City Hall plans to introduce paid parking this week, angering residents. Igor Tabakov

Angry downtown residents have started a campaign against the Moscow city government's plans to introduce paid parking at the end of this week.

Starting Nov. 1, several parking lots in the city center will start to charge drivers, head of the Moscow city transportation authority Maxim Liksutov said, Interfax reported last week.

More than 4 million vehicles ply the city streets on a daily basis, and there are 1 million parking spaces. City officials have started the paid parking project as one of a set of measures to help bring order and reduce congestion.

Liksutov added that commercial parking lots in downtown would have room for 550 cars as part of the initial experiment.

More parking lots will be set up by the end of February 2013, and the money collected from drivers will be used for road maintenance and other public works. Liksutov said free parking would be allowed from 8 p.m. to 8 a.m.

The city plans to build 2 million parking spaces by 2025, Liksutov said. But the new measures have angered downtown residents who say they cannot afford the parking. The city plans to charge 600 rubles ($18.75) for 12 hours of parking.

"Our citizens have been taken hostage by the parking project organizers," said Leonid Antonov, a resident of the city center and one of the organizers of a campaign against the new parking rules.

Campaigners have collected more than 800 signatures on a petition, which was sent to the mayor's office last week.

The group, calling itself Residents Against Private Parking in Downtown, has mobilized public opinion via Facebook and now has 336 members.

Antonov, an artistic director, said he and many car owners who don't use their vehicles regularly will not get any privileges as residents and will have to pay the same as drivers coming from outside the city.

Though free parking will be allowed inside building courtyards, they are designed to host only a small number of cars, and residents will still have to park on the streets, he added.

City center residents say they are willing to pay, but at a discounted rate, and they want to see a system of residential permits introduced, as is common in Europe.

Antonov said that in London a residential parking permit costs the vehicle owner $500 per year, as compared with $600 per month in Moscow.

"That rate doesn't correspond with any reality," said Antonov, who parks his car on the street near his apartment on Sredny Karetny Pereulok.

Downtown Moscow has some of the most expensive real estate in the world. Many central inhabitants inherited apartments from their parents or received them for free from the government under various preferential programs.

Antonov said several residents who signed the petition are artists from the Bolshoi Theater who live in the central district.
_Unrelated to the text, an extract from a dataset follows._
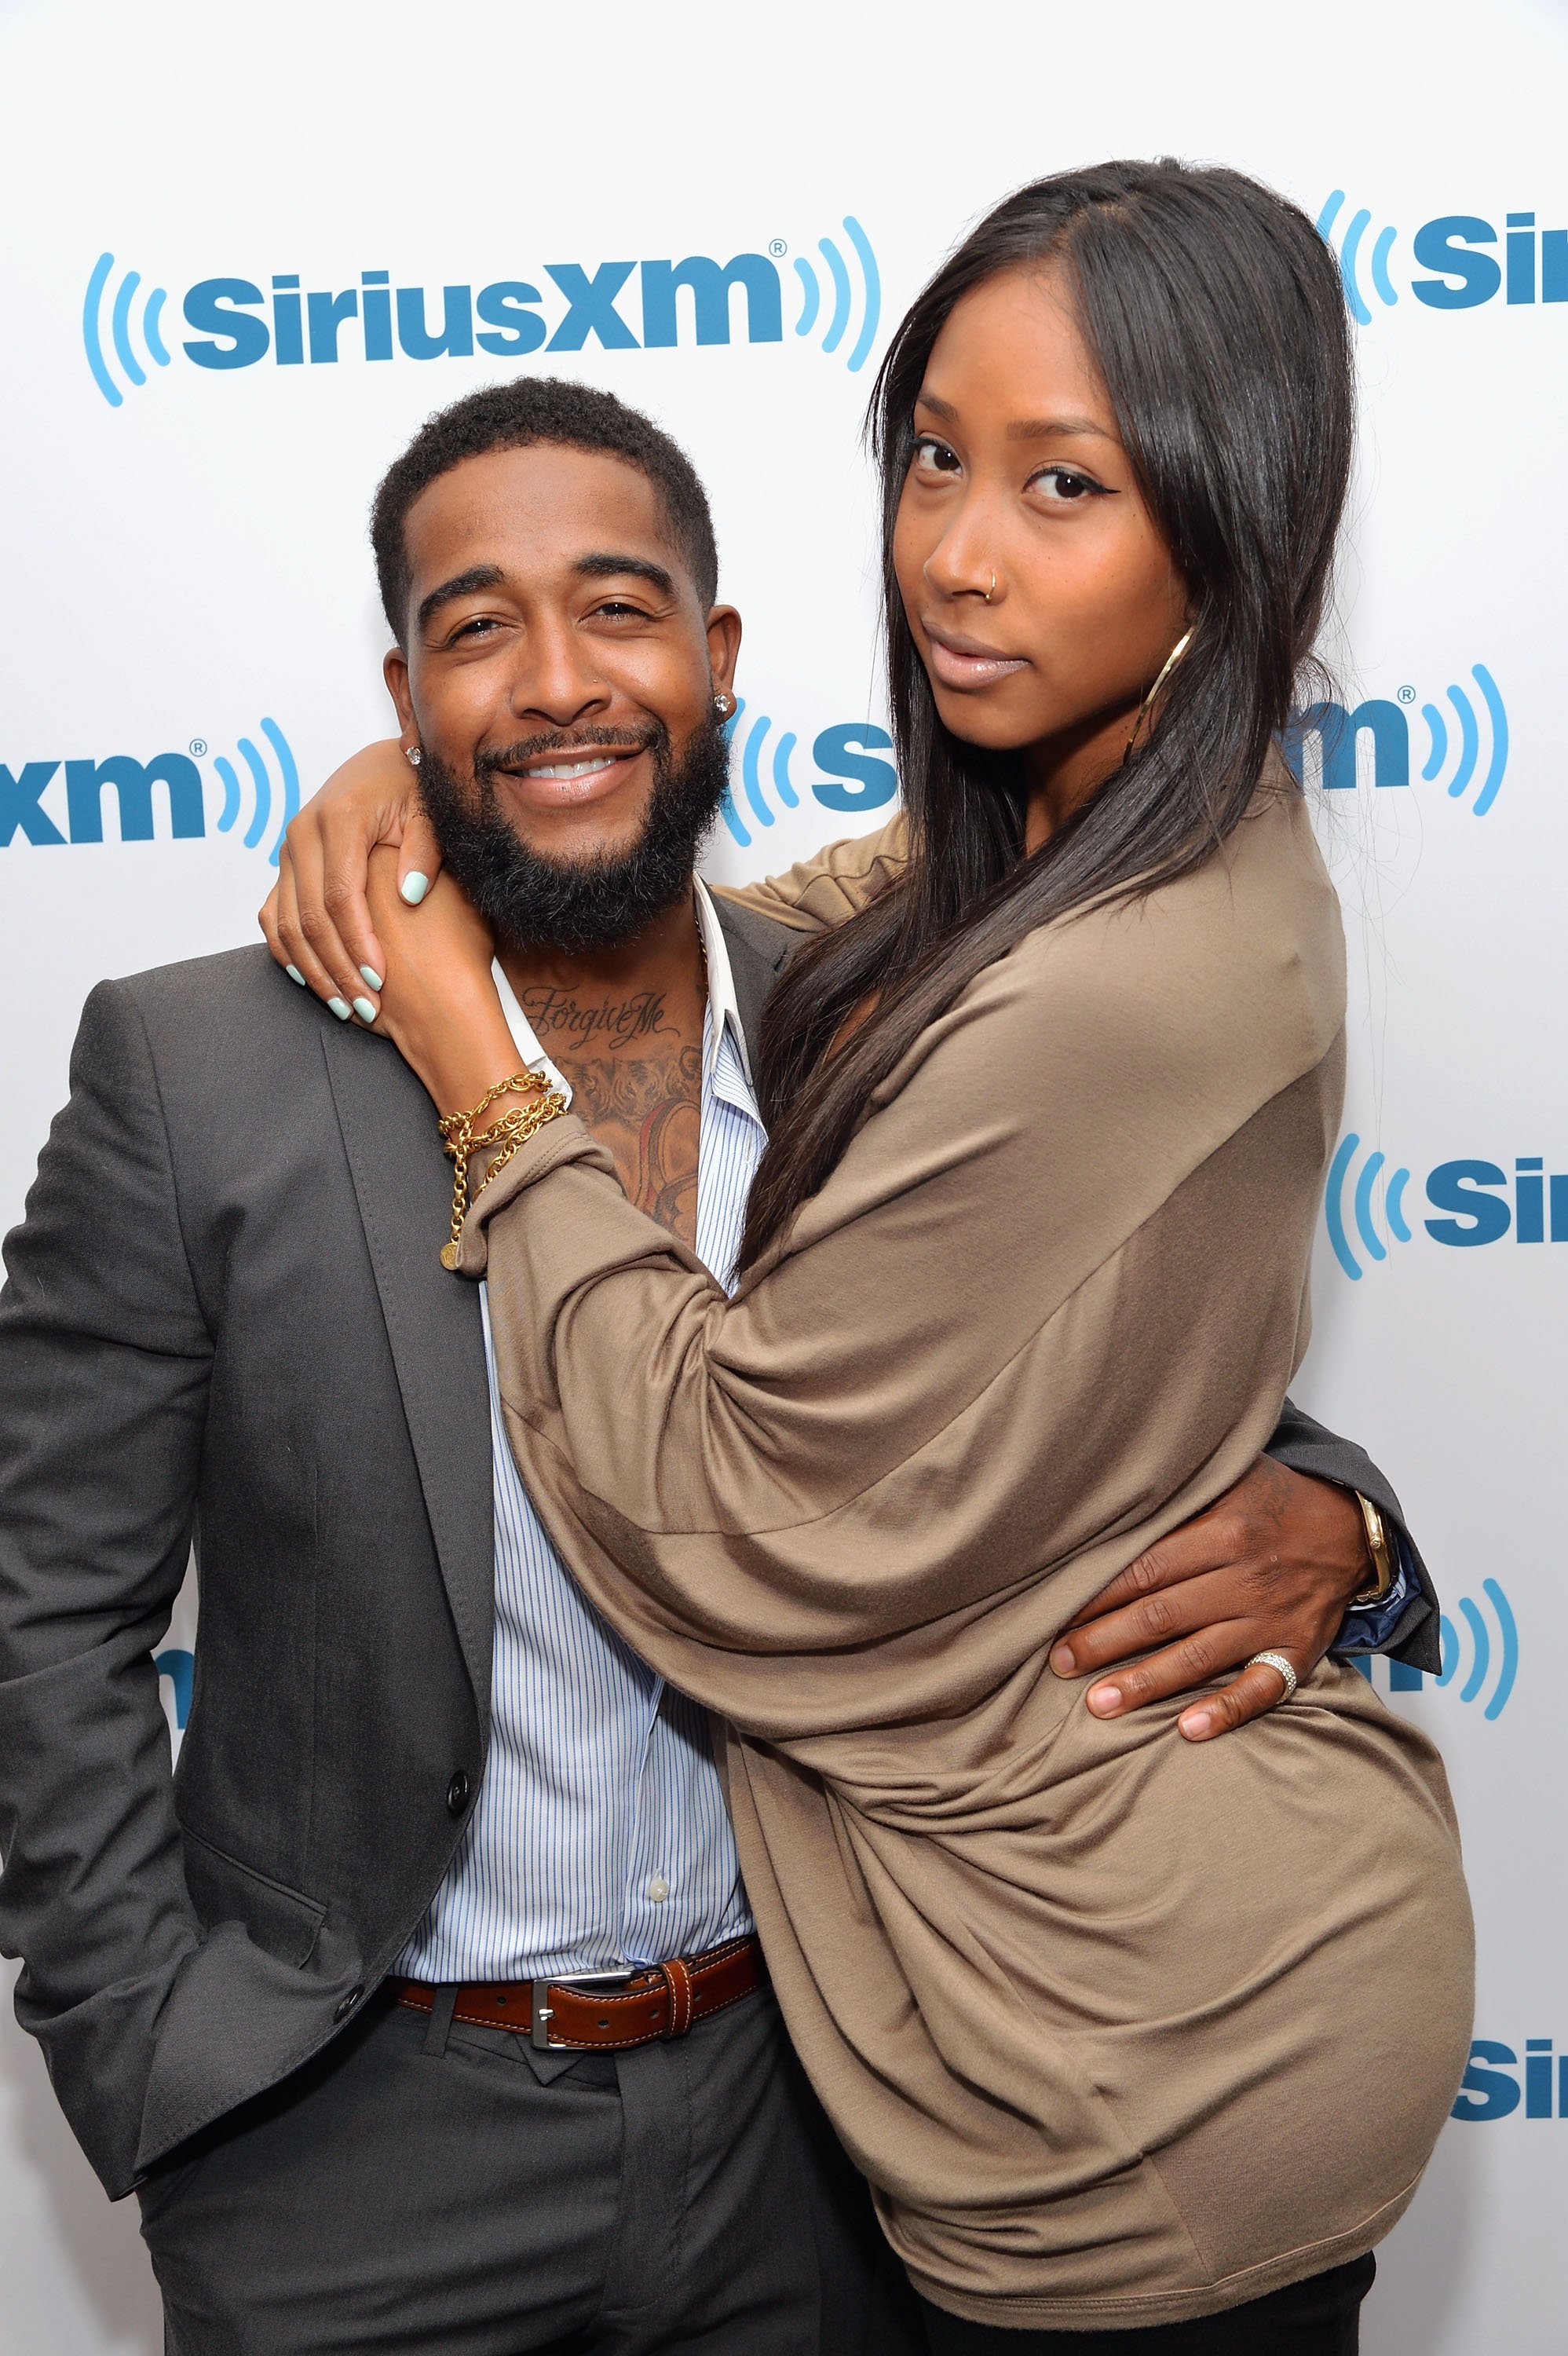 Omarion & Apryl Jones visit SiriusXM Studios on May 1, 2014 in New York City. |Photo: Getty Images

The activists, who hope to persuade Moscow Mayor Sergei Sobyanin to change the parking rules, have already found support from Moscow City Duma Deputy Inna Svyatenko, of United Russia.
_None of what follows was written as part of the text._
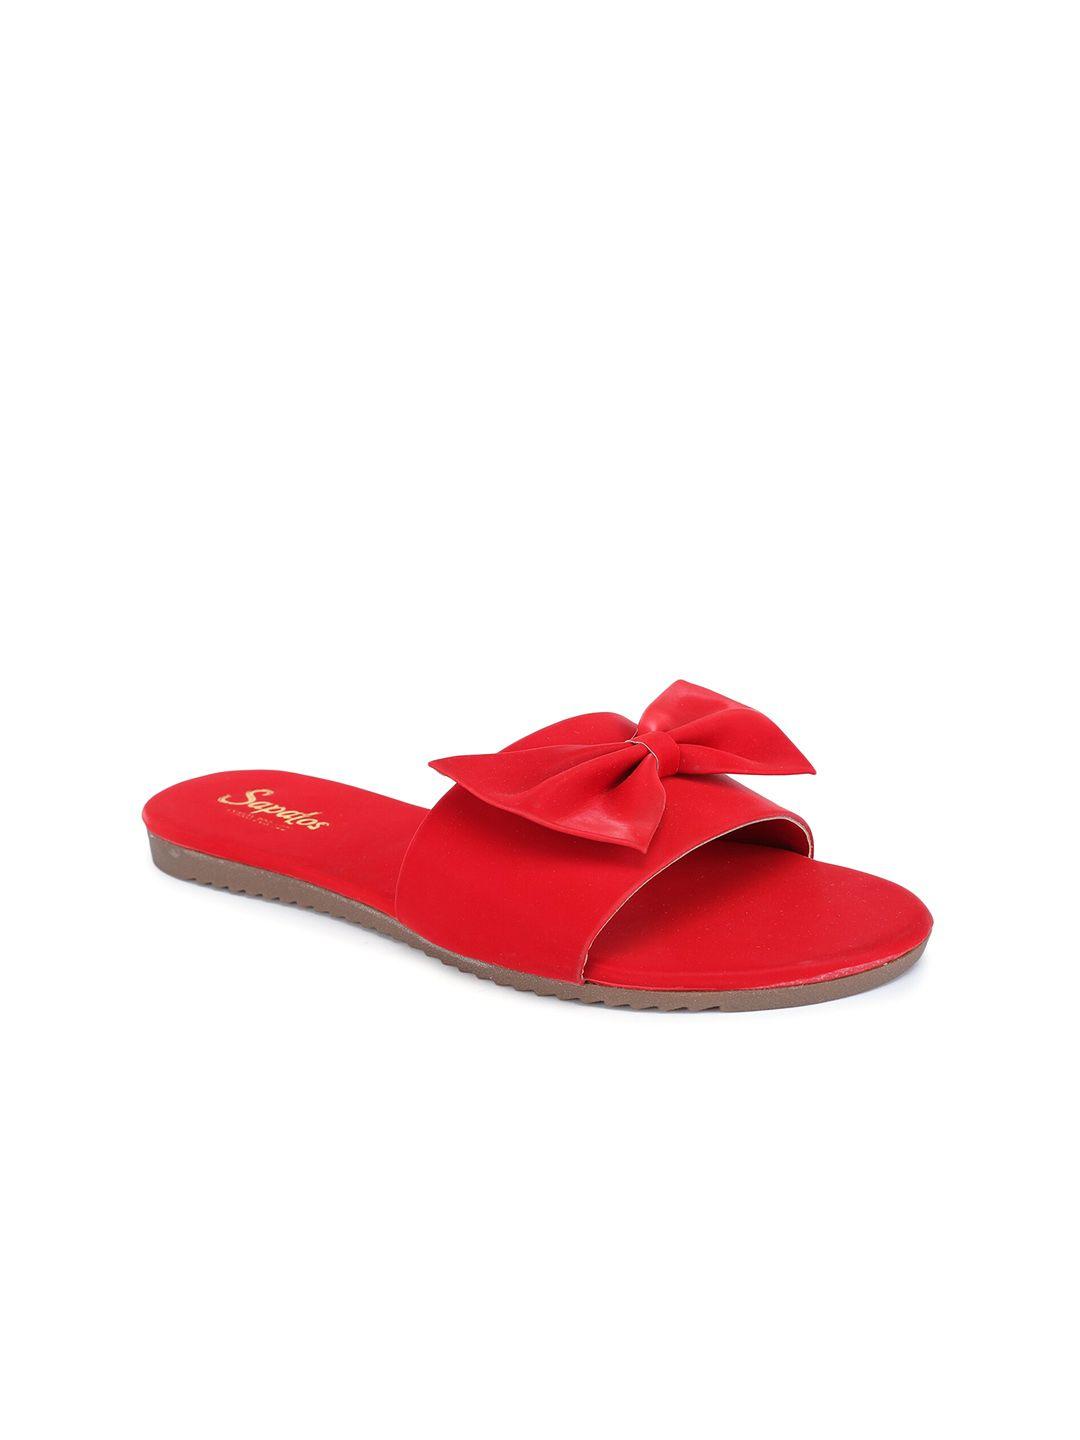 sapatos women open toe flats with bows

Svyatenko has asked Liksutov to clarify the situation. Antonov said his group expects to meet Liksutov soon.

The city prosecutor's office said earlier that the municipal government can't introduce its own rules about roads, which fall under federal jurisdiction.

But in a later statement, the prosecutor's office said the Moscow city government had "complied" with prosecutors' demands, but the statement did not elaborate, RIA-Novosti reported last week, citing a spokesman.